KAIMANA- Penetapan 11 kursi Otsus di DPRD yang sudah dilantik belum lama ini, kembali digugat oleh pihak yang merasa tidak terakomodir dalam penentuan kursi tersebut. Salah satu wakil dari Kabupaten Kaimana, Arnold Rouw, SH  menggugatnya di PTUN Jakarta.  “Gugatan itu sudah kami daftarkan di PTUN Jakarta dan akan disidangkan pada besok (hari ini), Senin, 16 Maret 2015. Gugatan kami sendiri sudah terdaftar dengan nomor W2-TUN 1-335/HK.06/II/2015. Kita akan melakukan gugatan terhadap hasil keputusan tersebut,” ujar Arnold Rouw, SH melalui telepon selulernya, kemarin dari Jakarta.
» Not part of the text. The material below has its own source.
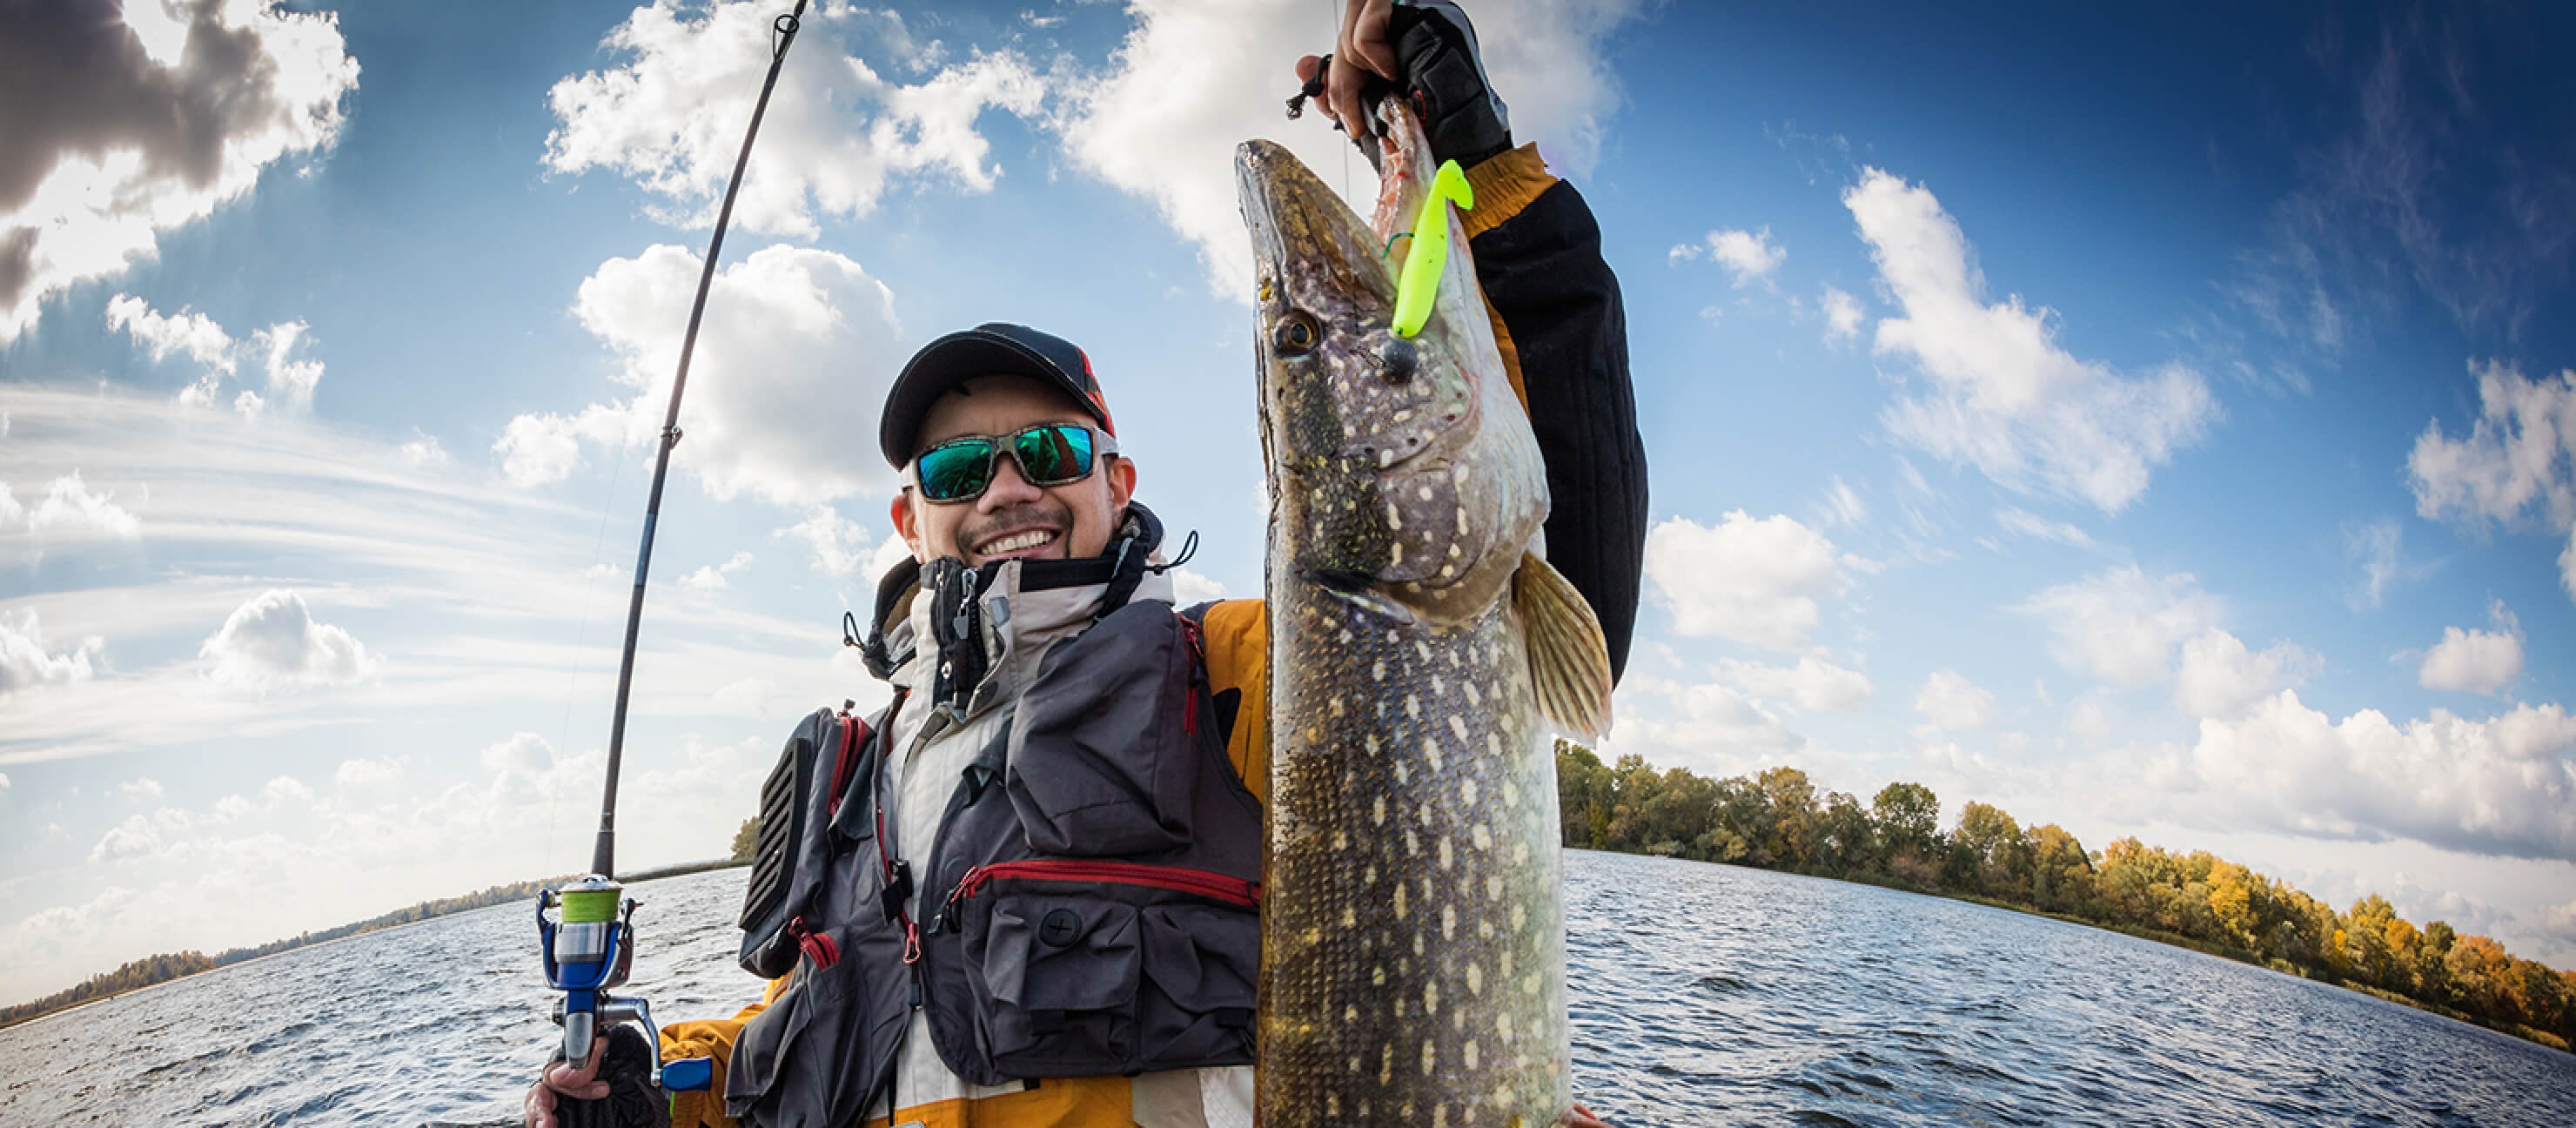 21 Fishing Tips for Beginners To Be a Better Angler

Dia mengatakan, gugatan tersebut beralasan karena mekanisme penetapan 11 kursi DPRPB jalur Otsus yang ditetapkan oleh Menteri Dalam Negeri, sangat bertentangan dengan Peraturan Gubernur dan Peraturan Dae­rah Khusus (Perdasus), yang diamanatkan dalam Undang-Undang Otsus. “Jika dilihat dari ketentuan tersebut, maka sebenarnya yang lebih layak lolos dalam proses kemarin, salah satu kursinya adalah milik Kabupaten Kaimana. Kami merasa jalur Otsus itu tidak mewakili kami yang berada di wilayah Selatan Papua Barat saat ini,” tegasnya.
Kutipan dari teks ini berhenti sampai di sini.